## [DATA FOR THE TASK]
-=-=-
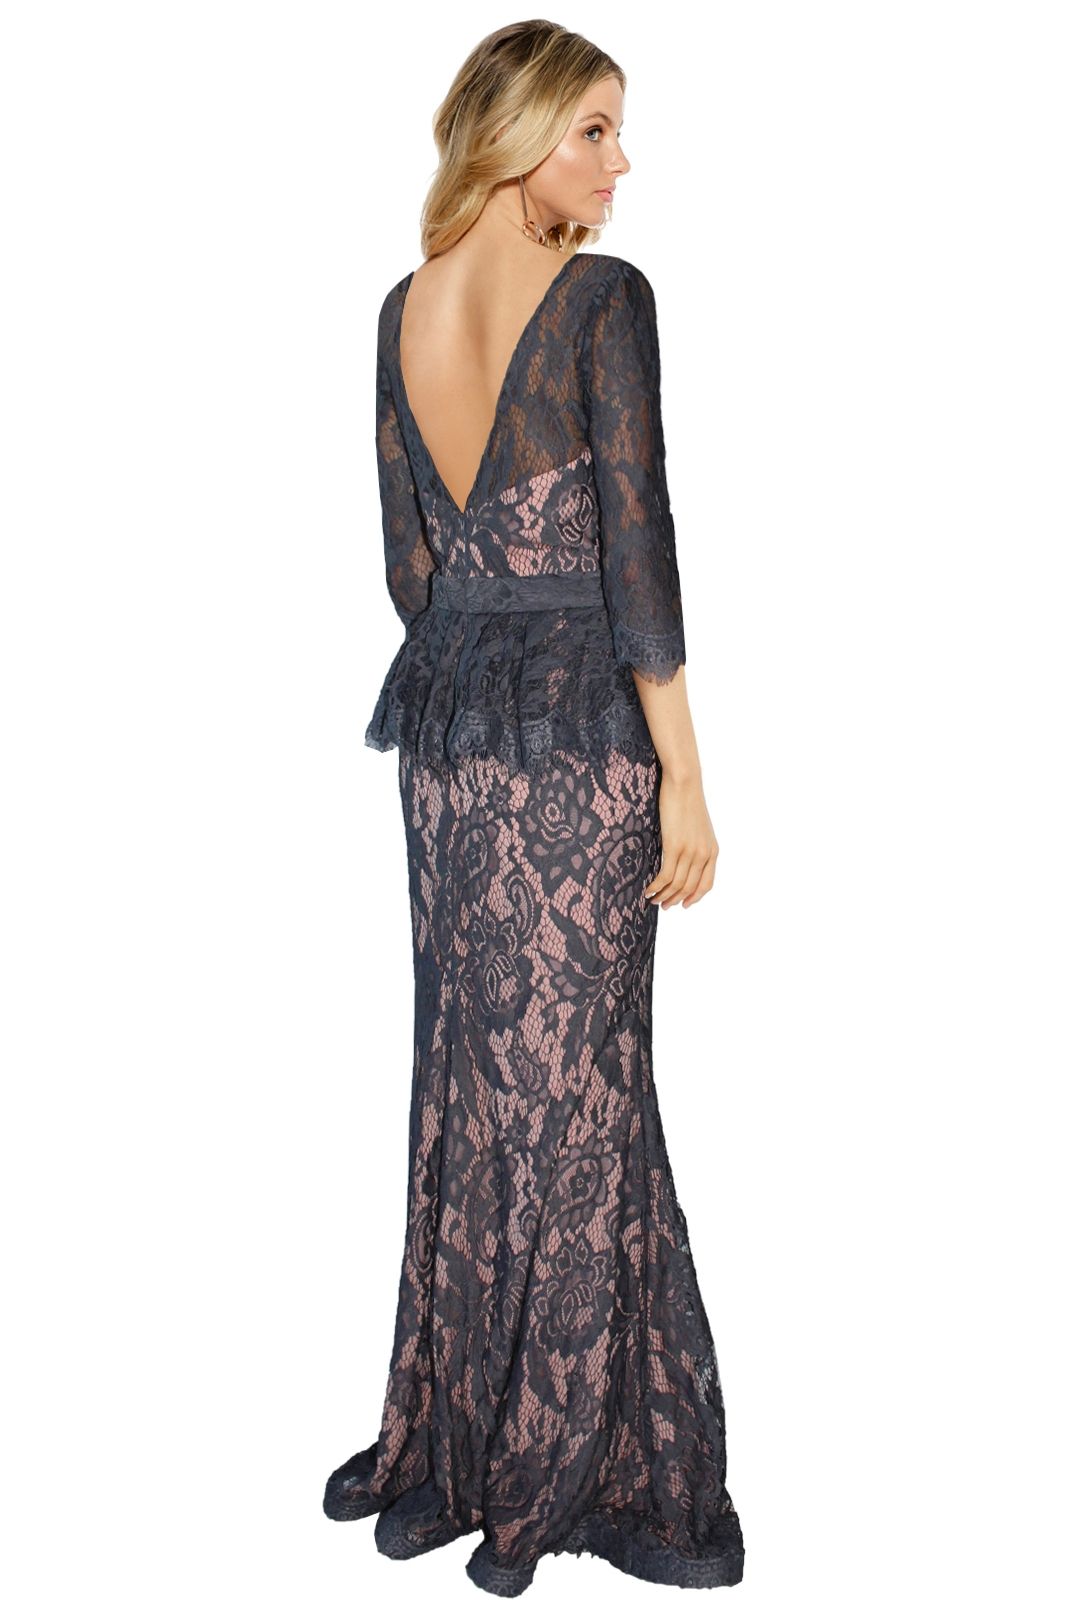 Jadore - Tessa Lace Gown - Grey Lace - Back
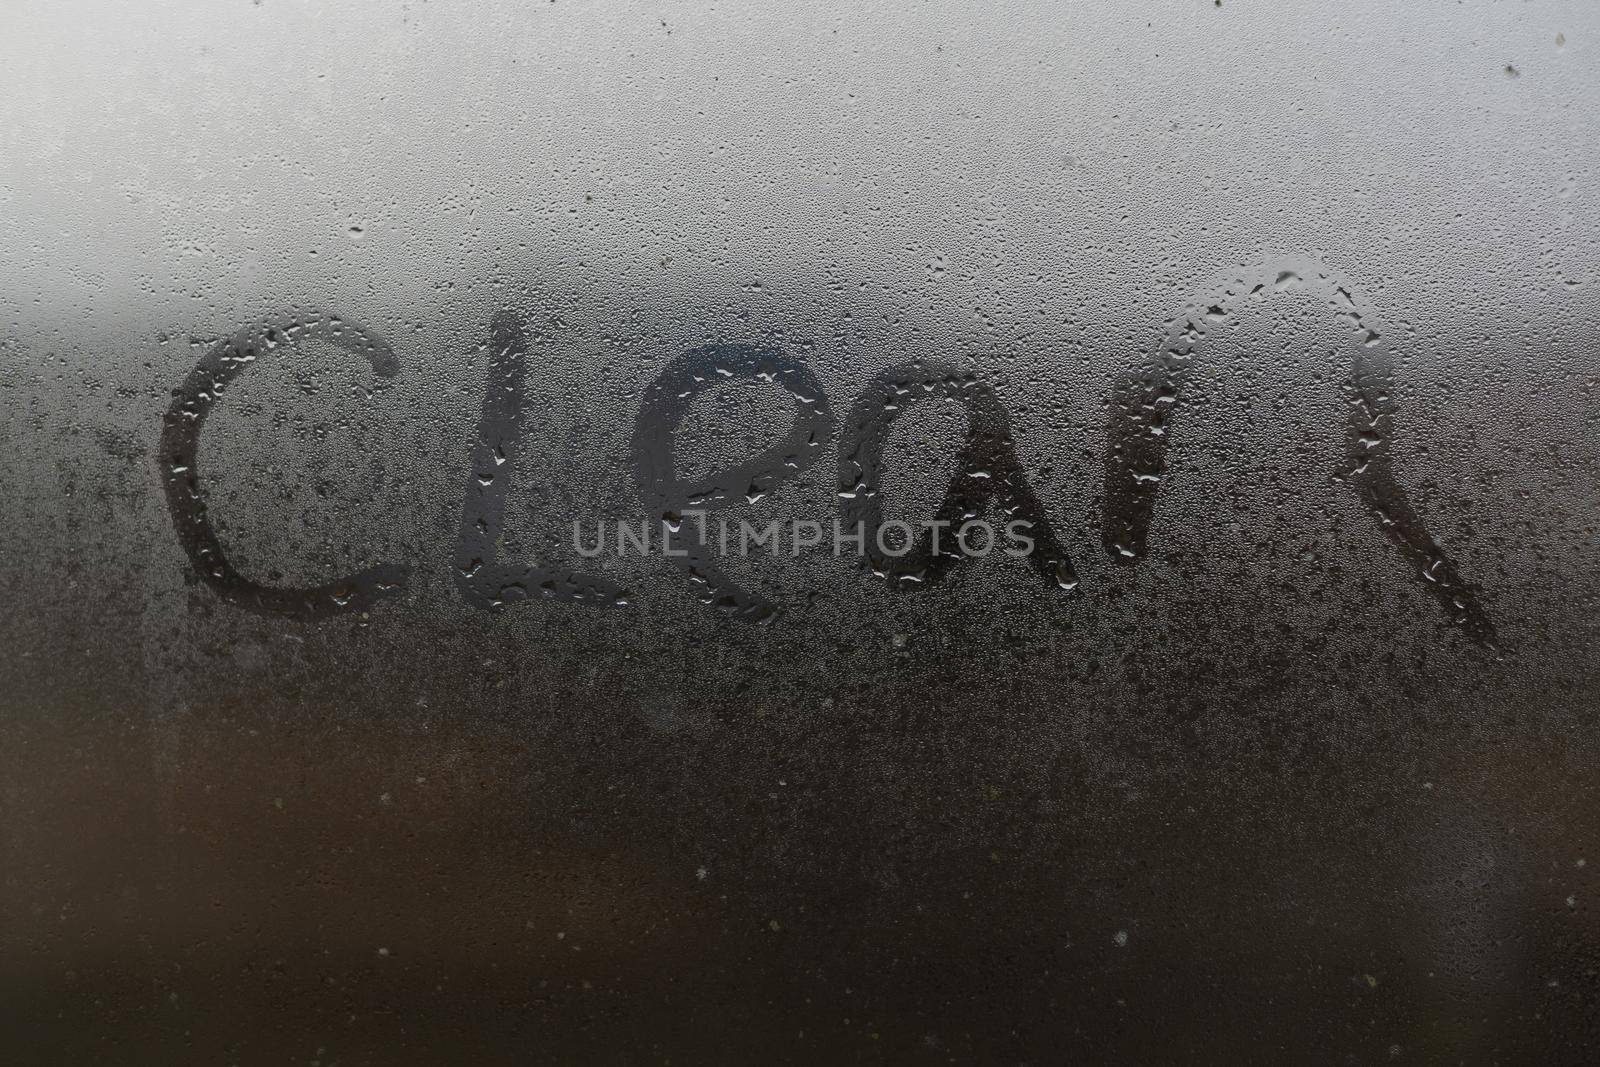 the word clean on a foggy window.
-=-=-
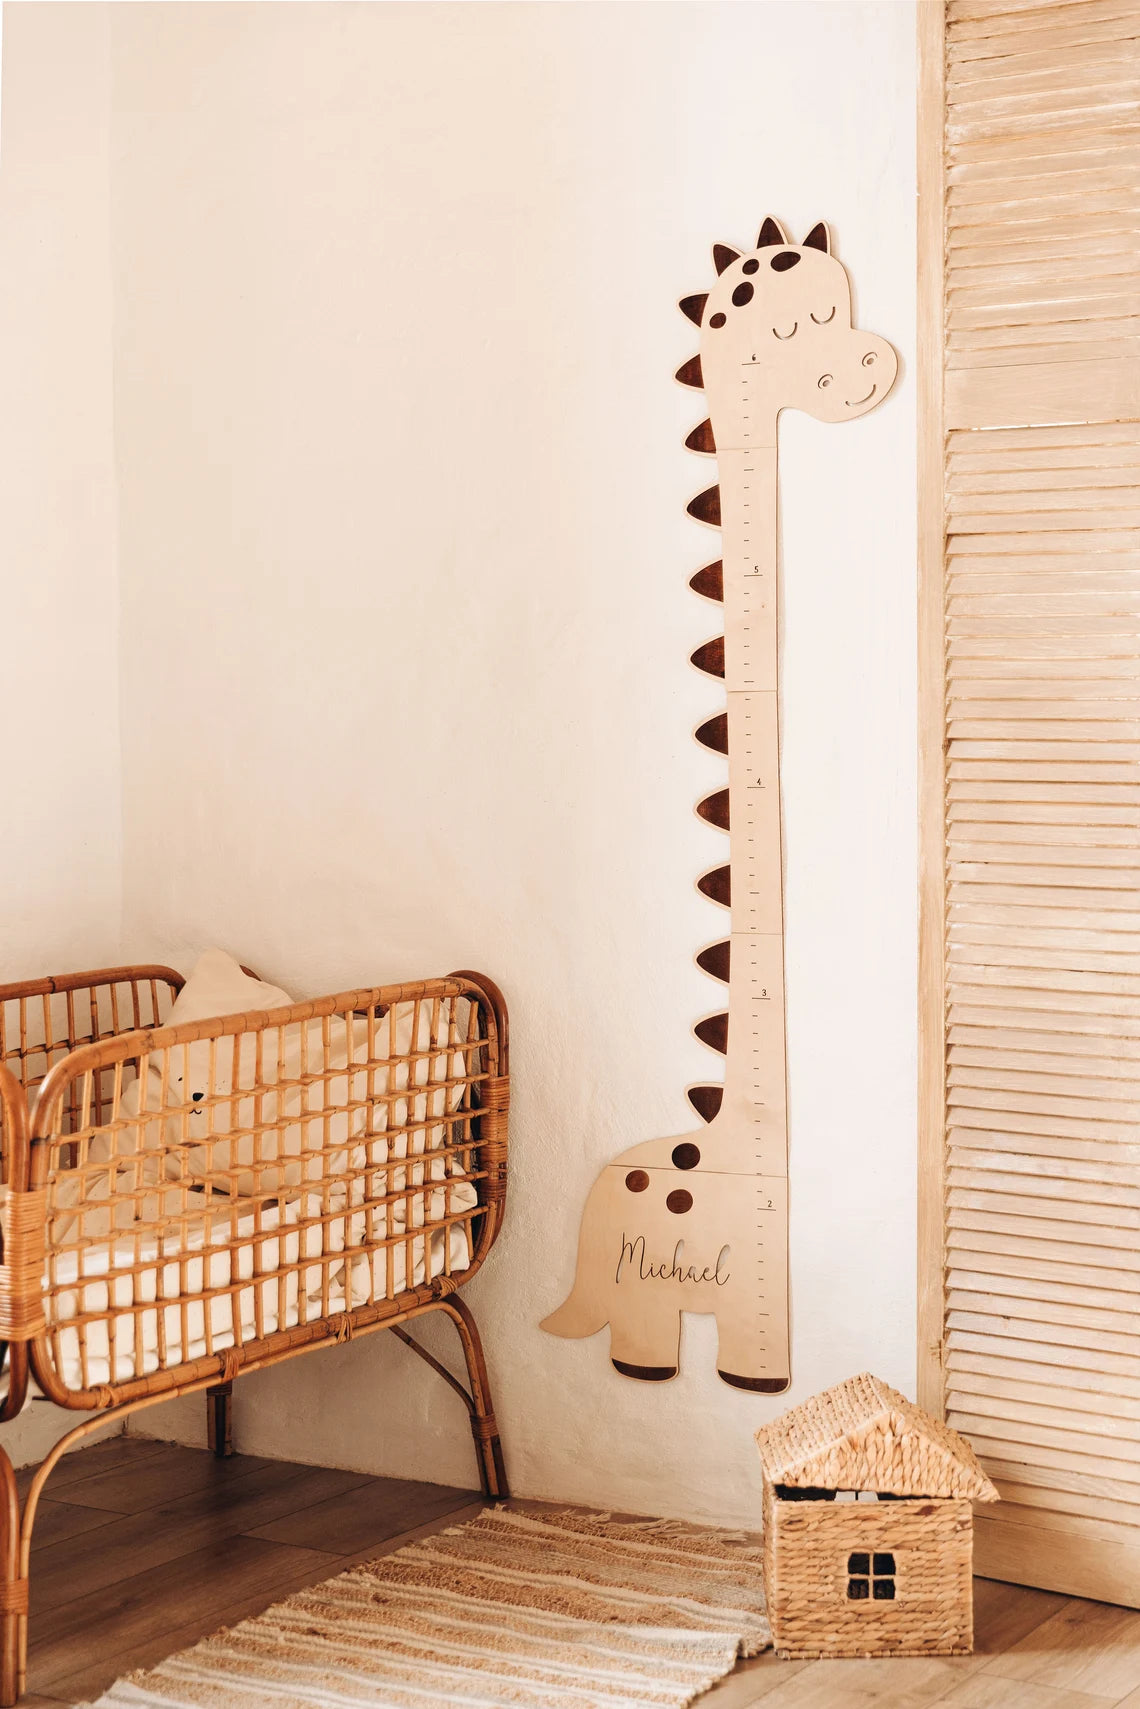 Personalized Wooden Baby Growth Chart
-=-=-
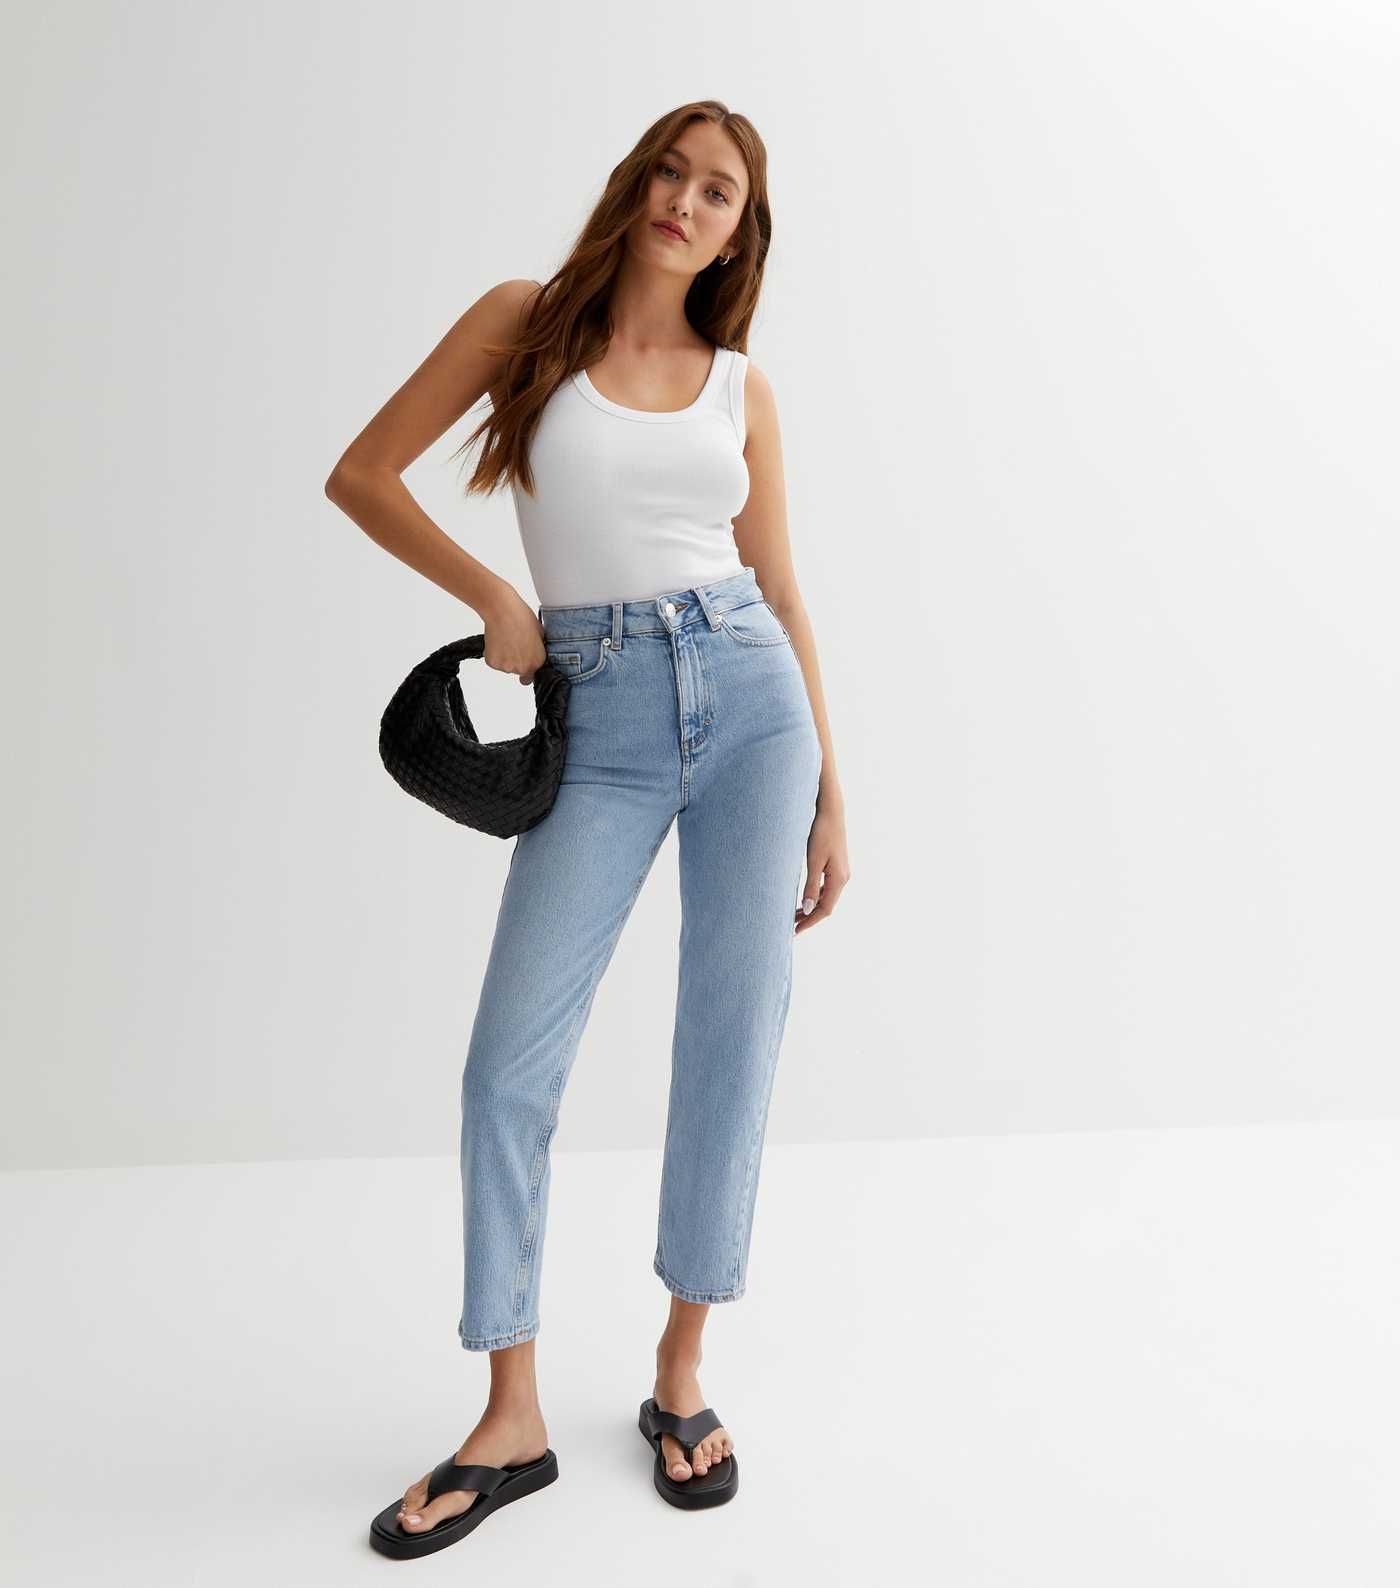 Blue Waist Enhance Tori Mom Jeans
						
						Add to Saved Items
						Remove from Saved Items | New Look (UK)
-=-=-
## [WHAT TO DO]
Look back over the records above. Reproduce exactly everything from the line with "Jadore - Tessa Lace Gown - Grey Lace - Back" down to the line with "the word clean on a foggy window.", inclusive, and leave the pictures out.

## [WRITTEN RESPONSE]
 Jadore - Tessa Lace Gown - Grey Lace - Back
 the word clean on a foggy window.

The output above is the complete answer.